Os jornais e a armadilha do Topa Tudo Por Dinheiro
Edição 96: Anúncios inoportunos + Facebook sem notícias + referências de ética jornalística + eventos variados
Domingo à noite, década de 1990, televisão ligada. As famosas pegadinhas protagonizadas por Ivo Holanda eternizaram o programa Topa Tudo por Dinheiro, apresentado pelo dono da casa. Jogando cédulas em formato de avião para a plateia, Silvio Santos seduzia o público com uma pergunta simples: quem quer dinheiro?
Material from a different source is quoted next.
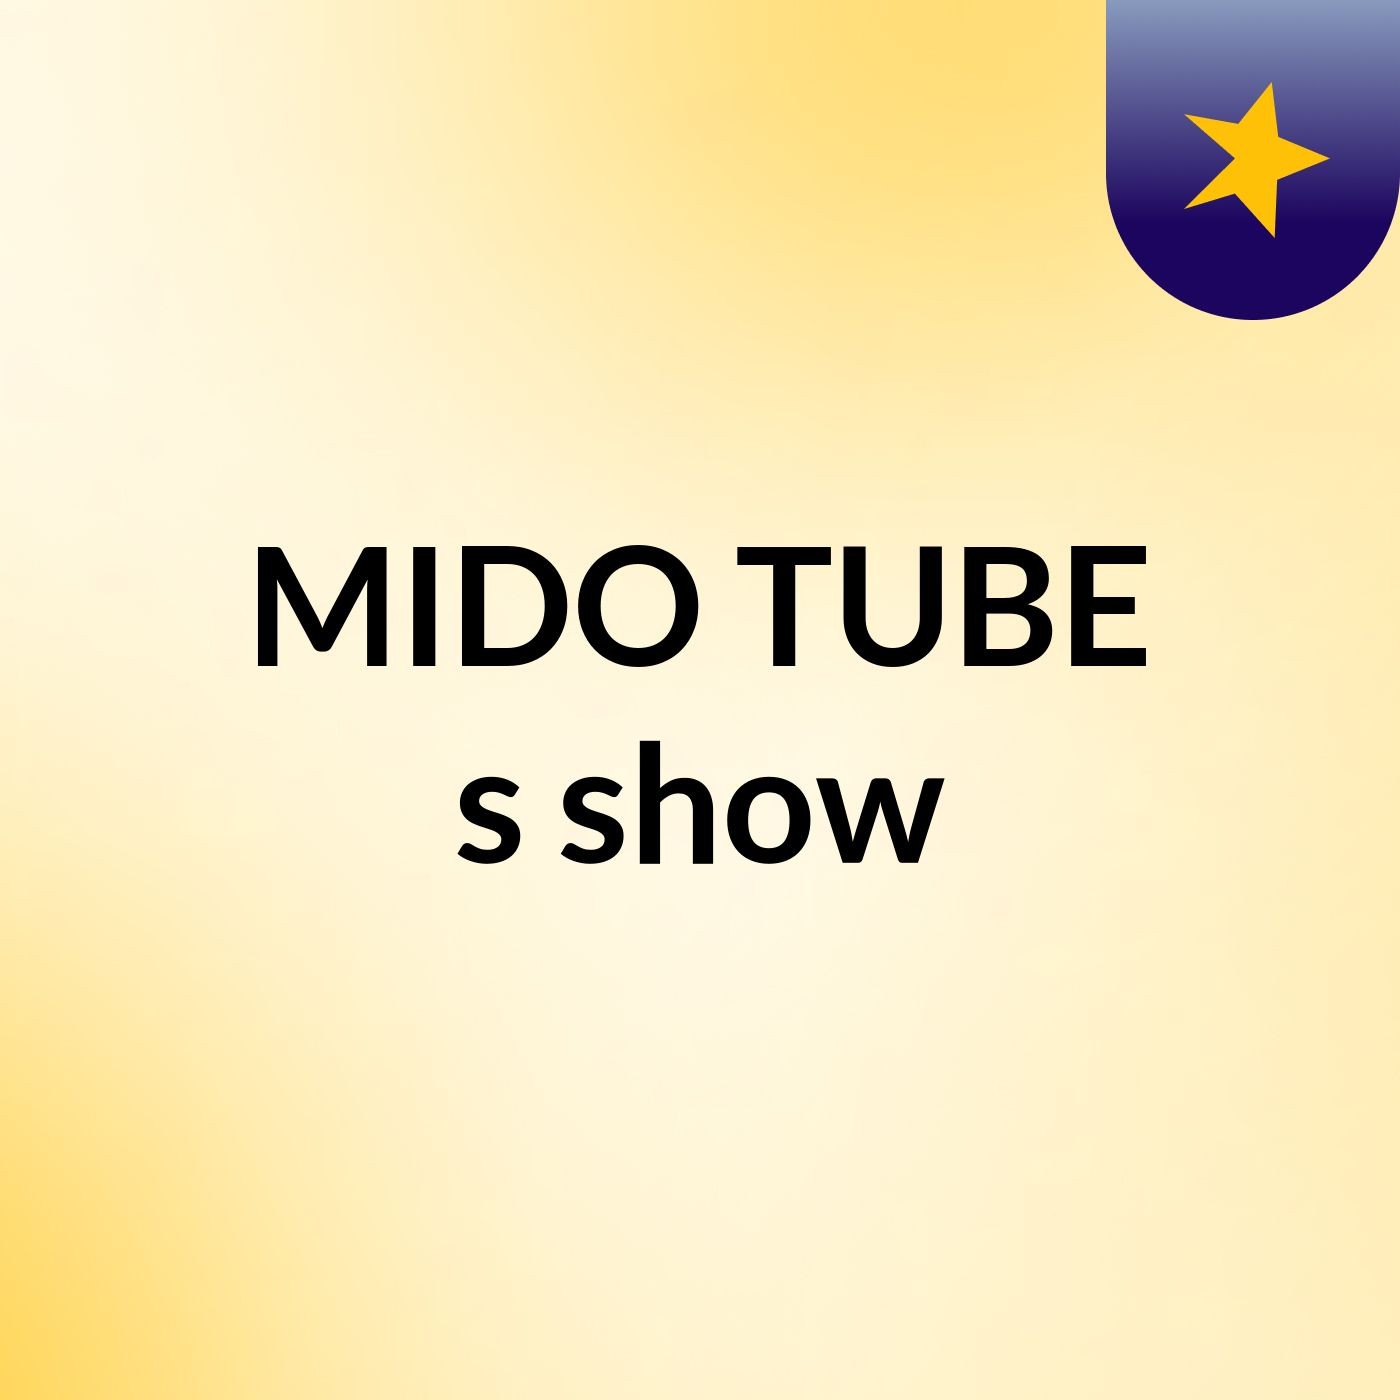 MIDO TUBE's show

Não, você não está na newsletter errada. Um episódio desta semana nos lembrou que topar tudo por dinheiro pode ter sérias consequências - como o atropelo dos princípios éticos no jornalismo. Quer entender melhor? Segue o fio!
QUEM QUER DINHEIRO?
A treta: Folha de S.Paulo e O Globo publicaram ontem, 23, nas suas edições impressas uma propaganda de meia página favorável ao “tratamento precoce” contra a Covid. A (farta) verba veio da Associação Médicos pela Vida e foi espalhada também em outros importantes jornais pelo país: Jornal do Commercio (PE), Estado de Minas (MG), Correio Braziliense (DF), Correio (BA), O Povo (CE) e Zero Hora (RS).
Já viu o problema, né? Além de não existir nenhum tratamento precoce cientificamente comprovado, muitos desses jornais integram um consórcio que combate a desinformação sobre a pandemia. Mas o topa-tudo-por-dinheiro pode custar caro, já que acende um alerta sobre a responsabilidade dos veículos.
Houve quem defendesse o anúncio sob o argumento da “liberdade de expressão”, como a Associação Nacional de Jornais. Já Mariana Varella, editora-chefe do Portal Drauzio Varella, chamou atenção para os limites éticos da publicidade. E Pedro Strazza lembrou que os departamentos comerciais dos jornais “não parecem carregar os mesmos valores dos editoriais”. No UOL, Leonardo Sakamoto criticou, e a Lupa não só fez checagem do anúncio - desmentindo várias informações -, mas também publicou editorial cobrando os jornais: “A luta contra notícias falsas não pode ser apenas um slogan publicitário (…) Precisa envolver também o setor comercial”.
Na noite de ontem, a Folha publicou uma matéria sobre o próprio anúncio. Disse tudo, menos o motivo que a levou a exibir o informe publicitário… De forma esquizofrênica, o jornal chegou a procurar a ANJ para ser fonte da matéria e nada de ouvir o próprio departamento comercial. Autocrítica? Nem sombra.
Perceba: não é só uma contradição ou um pequeno desacerto entre os departamentos comercial e editorial. Tem a ver com a credibilidade dos veículos, que é corroída aos pouquinhos por ações das próprias empresas jornalísticas…
Último ponto: num momento em que se discute a regulação de plataformas na difusão de fake news, o que pode ser feito em casos de desinformação publicada por jornais de referência?
CAIU A MÁSCARA!
Por anos, a rede social azul tentou nos convencer de que era um lugar acolhedor, habitado por gente bacana e bem intencionada. E que ela se preocupava com várias coisas, como democracia e jornalismo. Pois é, mas lá se foi o disfarce…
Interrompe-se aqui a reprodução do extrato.